The factory just told me they use a pushfit connector similar to the second photo, one end mounted to the frame I think and the connector is just pushed in. Sounds OK and not shabby at all to me. I got the impression it was difficult or something perhaps a couple of spade connectors (like Fracino use on the heavenly). Very similar to the connector used on the Lelit Bianca for it's low water detection circuit, allowing the tank to be unplugged and repositioned on the machine.

Of course I still prefer my capacitive sensor... 

*
@igm45 you do have felt pads on the feet don't you to make sliding around a lot easier?
*

for some reason I can't unbold the above


----------



## igm45 (Mar 5, 2017)

DavecUK said:


> The factory just told me they use a pushfit connector similar to the second photo, one end mounted to the frame I think and the connector is just pushed in. Sounds OK and not shabby at all to me. I got the impression it was difficult or something perhaps a couple of spade connectors (like Fracino use on the heavenly). Very similar to the connector used on the Lelit Bianca for it's low water detection circuit, allowing the tank to be unplugged and repositioned on the machine.
> Of course I still prefer my capacitive sensor...


Hmmm...

Here is mine:









Sent from my LG-H930 using Tapatalk


----------



## Jony (Sep 8, 2017)

Same as mine. If I really wanted to I could change and solder up some of my Castle Creations connectors, but I can't be arsed,haha With some decent Gauge wire I have.


----------



## igm45 (Mar 5, 2017)

Don't get me wrong it's not a massive problem just a bit fiddler than I'd like being positioned at the back of the machine.

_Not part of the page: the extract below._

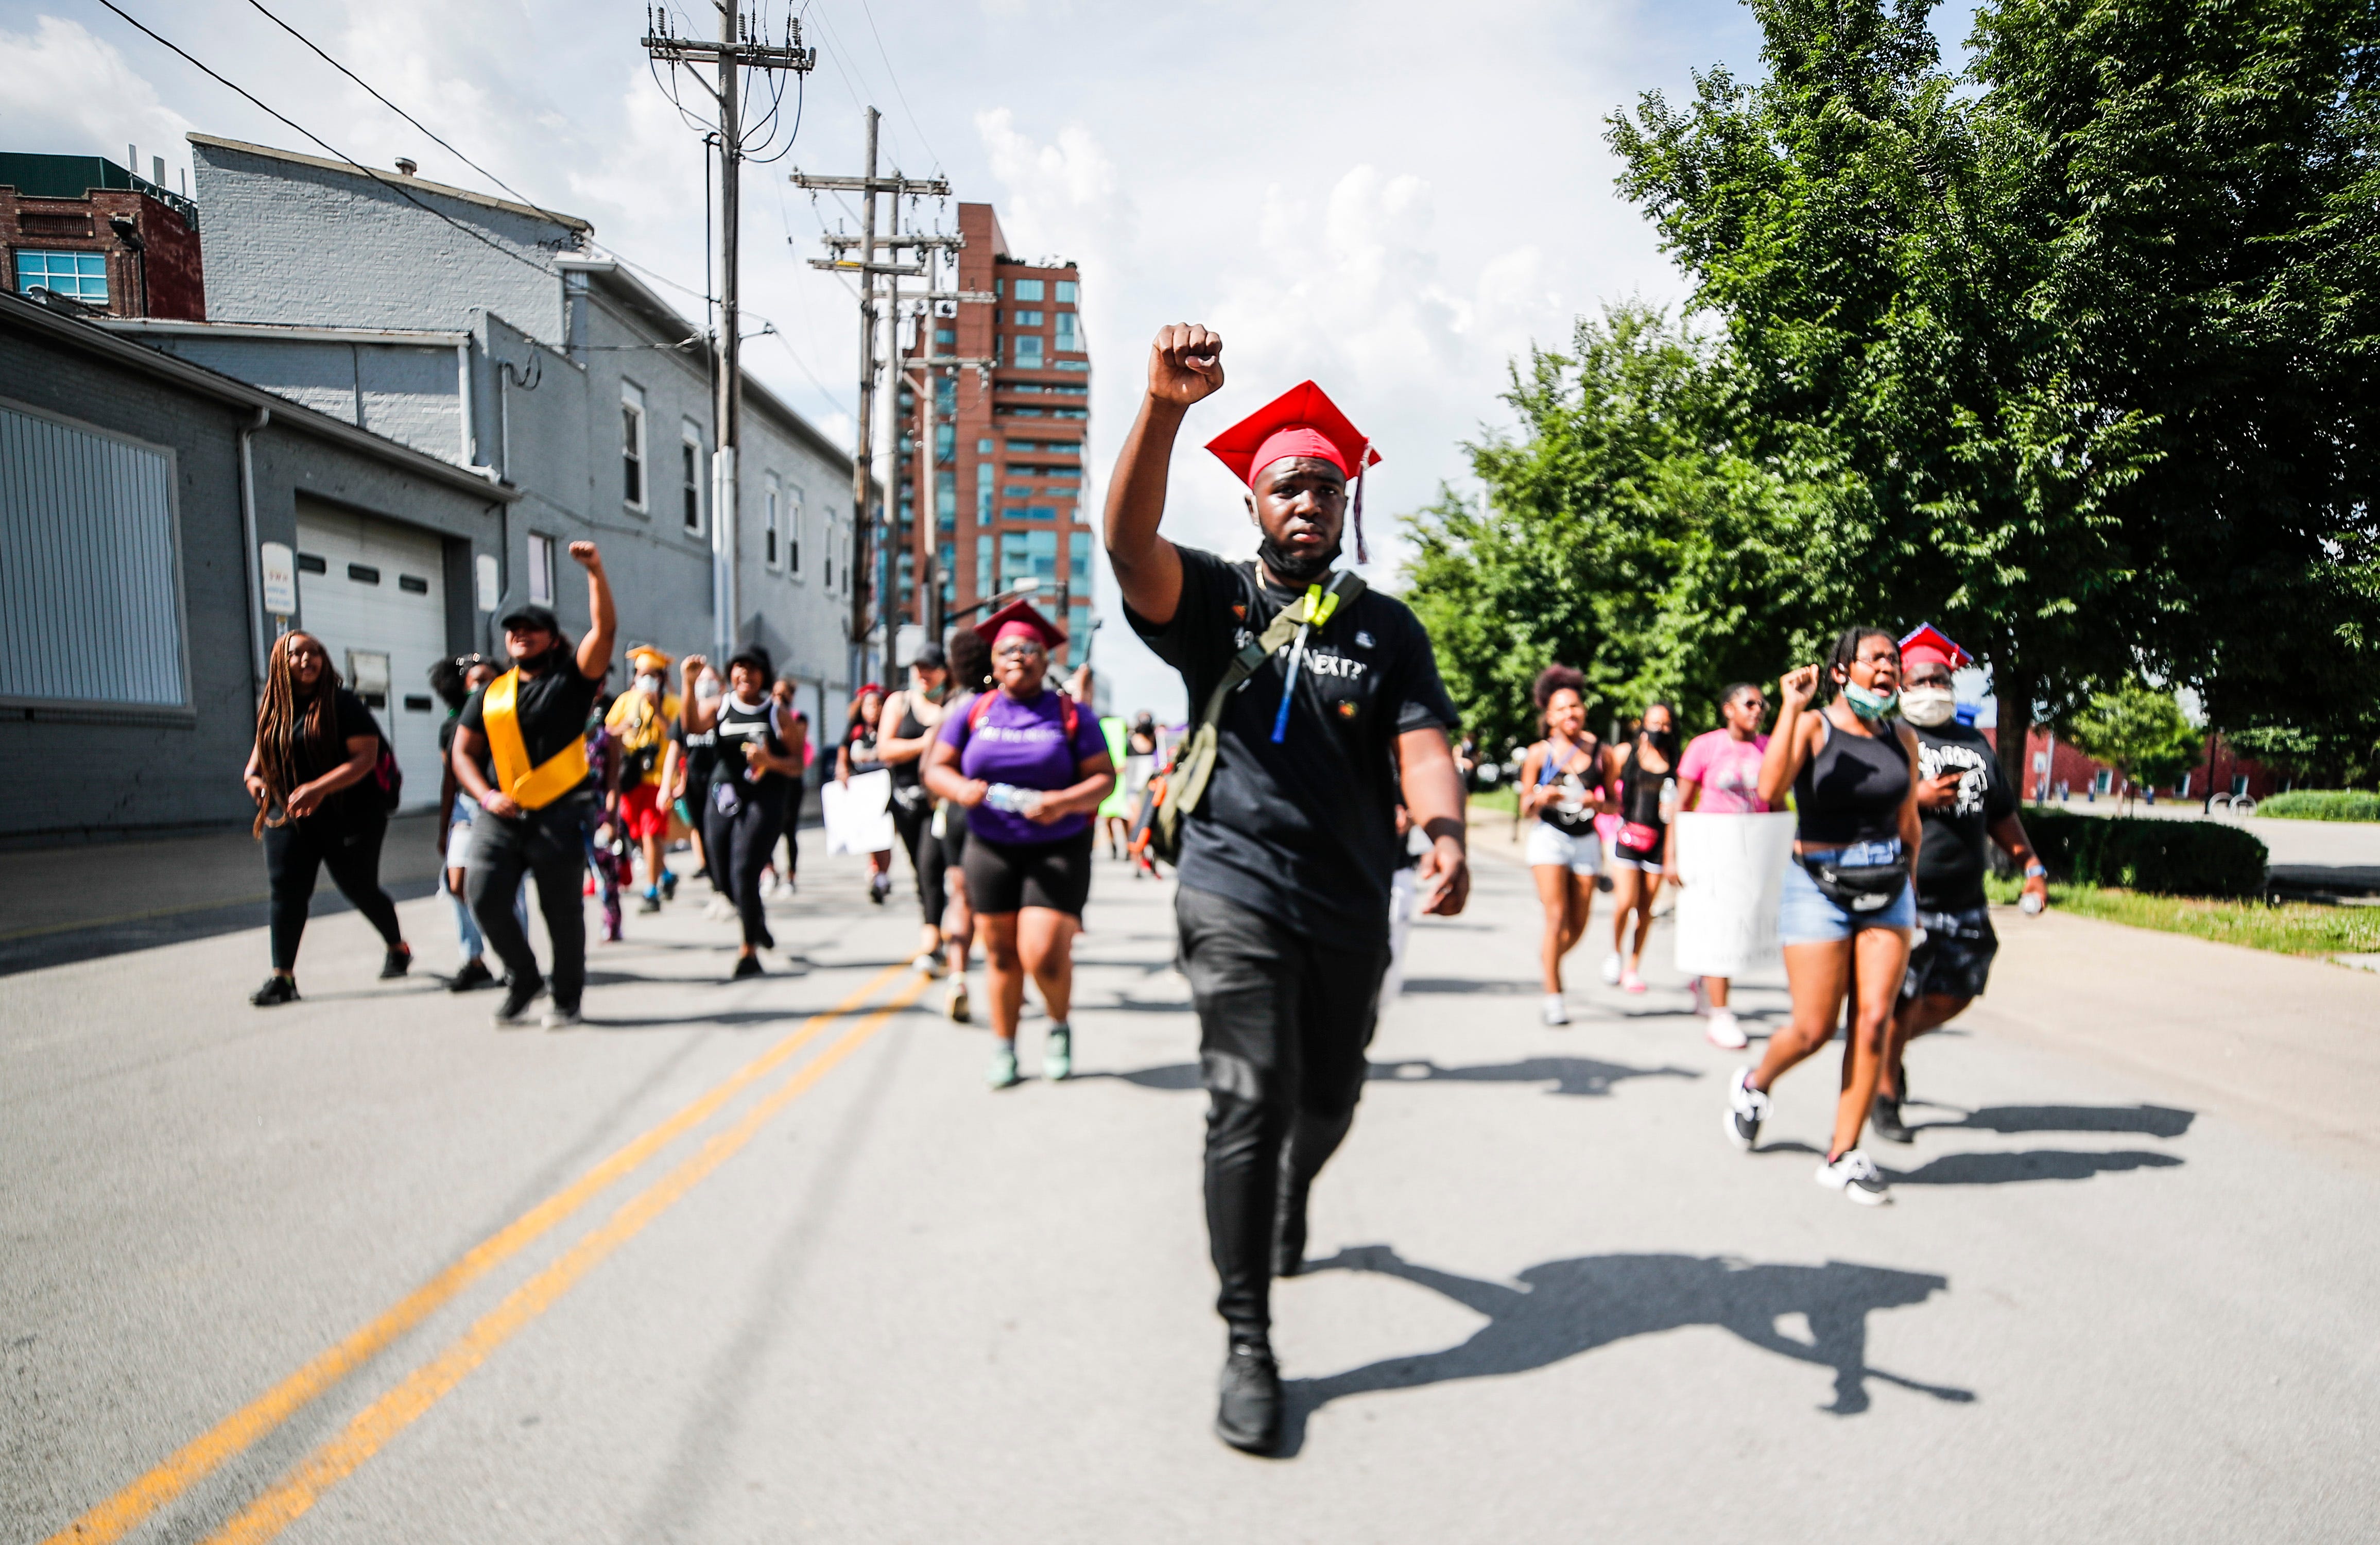 "We're marching for something bigger," said Savion Briggs, a 2020 Butler High grad. "Only way we're going to stop racism is solidarity. I shouldn't have to fear for my life just for the way I look." Briggs, among others, decided to wear their graduation caps as they marched and spoke for justice for slain EMT Breonna Taylor in Louisville.

Sent from my LG-H930 using Tapatalk


----------



## DavecUK (Aug 6, 2013)

igm45 said:


> Don't get me wrong it's not a massive problem just a bit fiddler than I'd like being positioned at the back of the machine.
> 
> Sent from my LG-H930 using Tapatalk


 Felt pads.

Actually I like my connector type better. I would soon flipping solder something different on it if I had that. I would probably go for the magnet type.


----------



## Jony (Sep 8, 2017)

DavecUK said:


> Felt pads


 On your jumpers maybe.


----------



## DavecUK (Aug 6, 2013)

Jony said:


> On your jumpers maybe.


 You young whipper snapper....


----------



## Jony (Sep 8, 2017)

HAHA


----------